1D-FALCON: Accelerating Deep Convolutional Neural Network Inference by Co-optimization of Models and Underlying Arithmetic Implementation
MetadataShow full item record
Maji, P., & Mullins, R. D. 1D-FALCON: Accelerating Deep Convolutional Neural Network Inference by Co-optimization of Models and Underlying Arithmetic Implementation. https://doi.org/10.17863/CAM.10693
Deep convolutional neural networks (CNNs), which are at the heart of many new emerging applications, achieve remarkable performance in audio and visual recognition tasks, at the expense of high computational complexity, limiting their deployability.

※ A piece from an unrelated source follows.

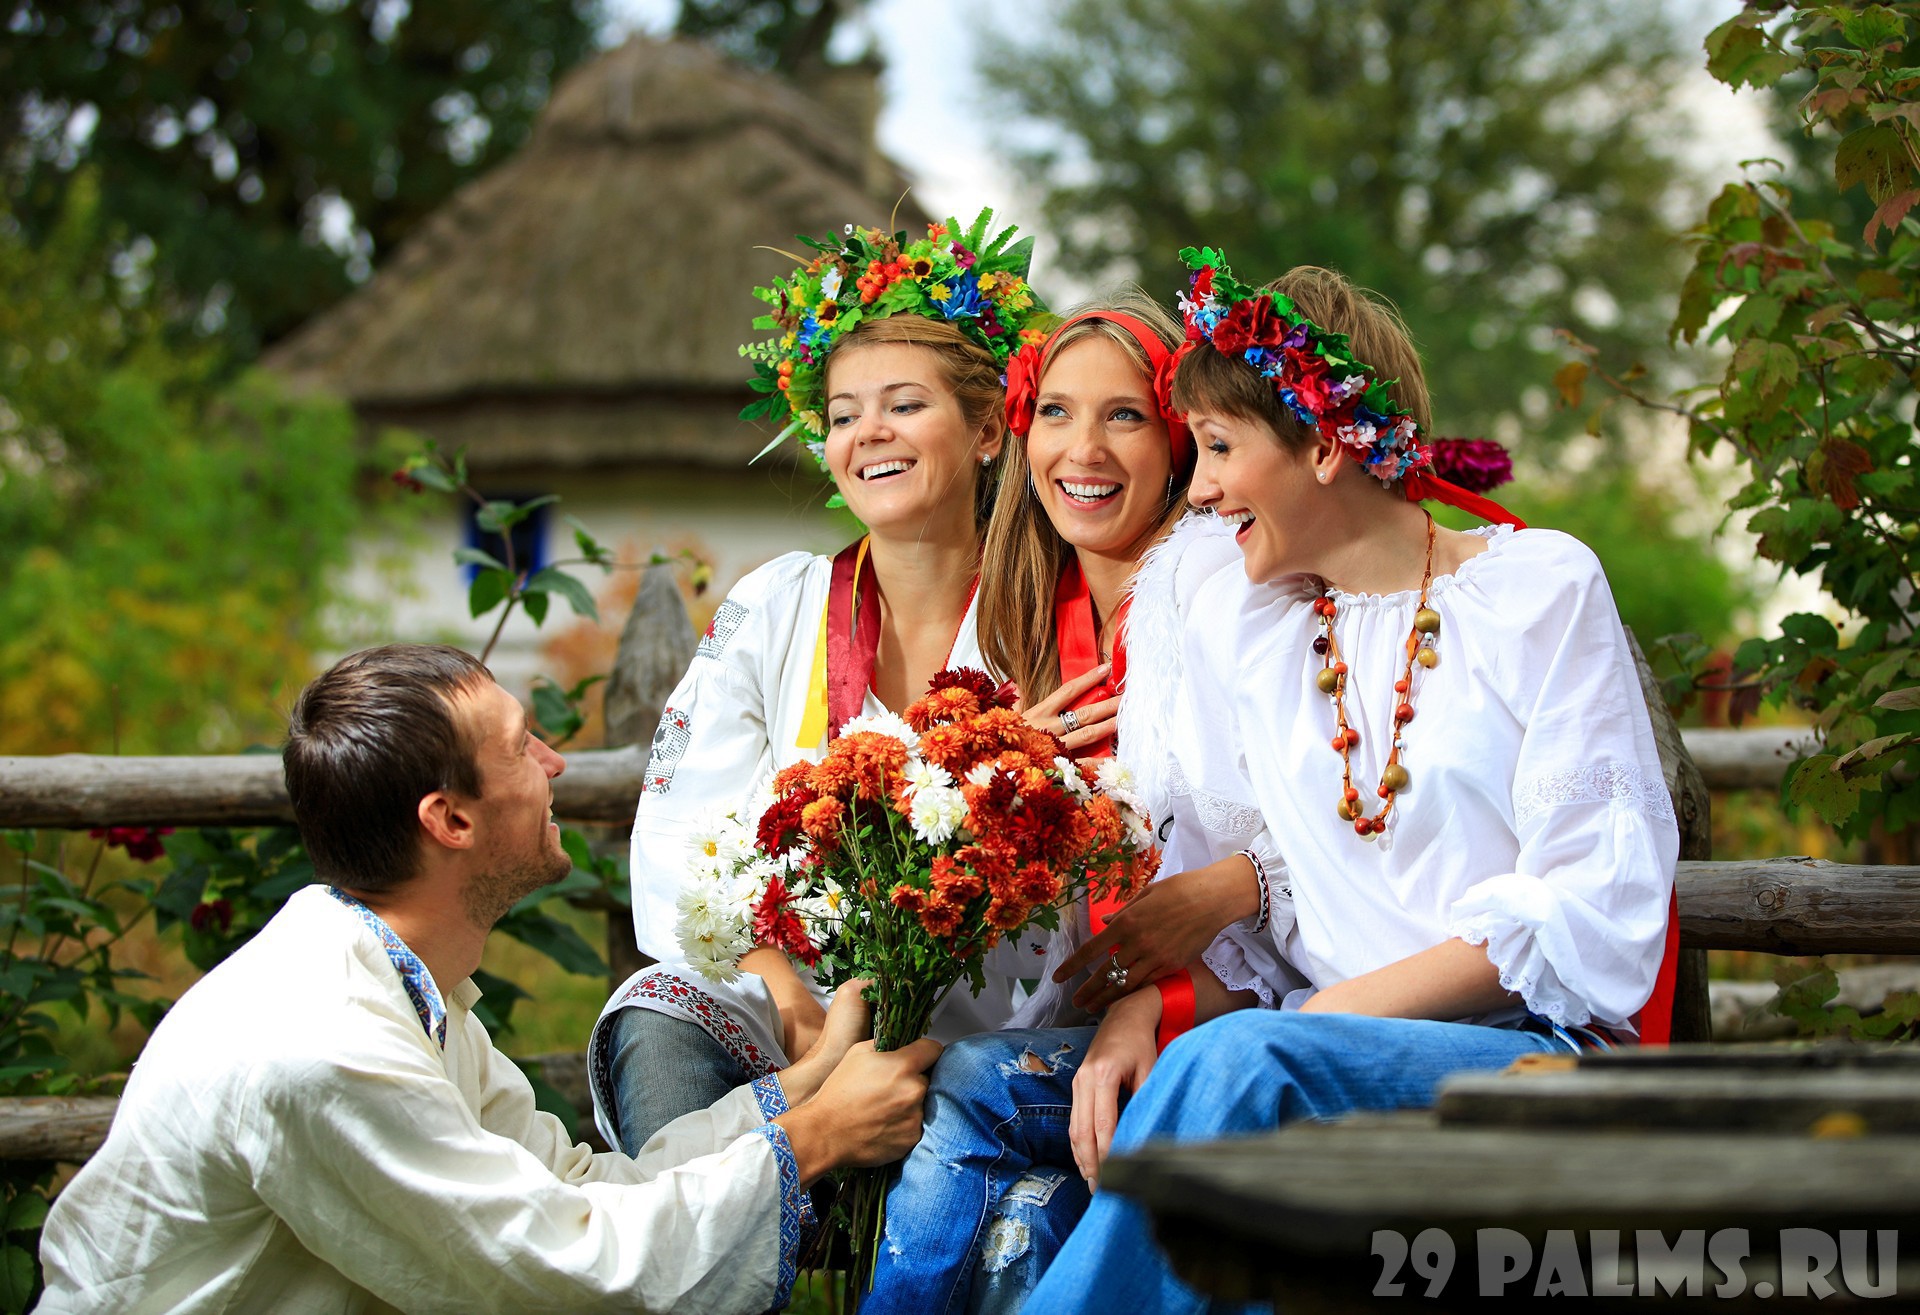 Ukrainian couple

In modern CNNs, convolutional layers mostly consume 90% of the processing time during a forward inference and acceleration of these layers are of great research and commercial interest. In this paper, we examine the effects of co-optimizing internal structures of convolutional layers and underlying implementation of fundamental convolution operation. We demonstrate that a combination of these methods can have a big impact on the overall speed-up of a CNN, achieving a tenfold increase over baseline. We also introduce a new class of fast 1-D convolutions for CNNs using the Toom-Cook algorithm. We show that our proposed scheme is mathematically well grounded, robust, does not require any time-consuming retraining, and still achieves speedups solely from convolutional layers with no loss in baseline accuracy.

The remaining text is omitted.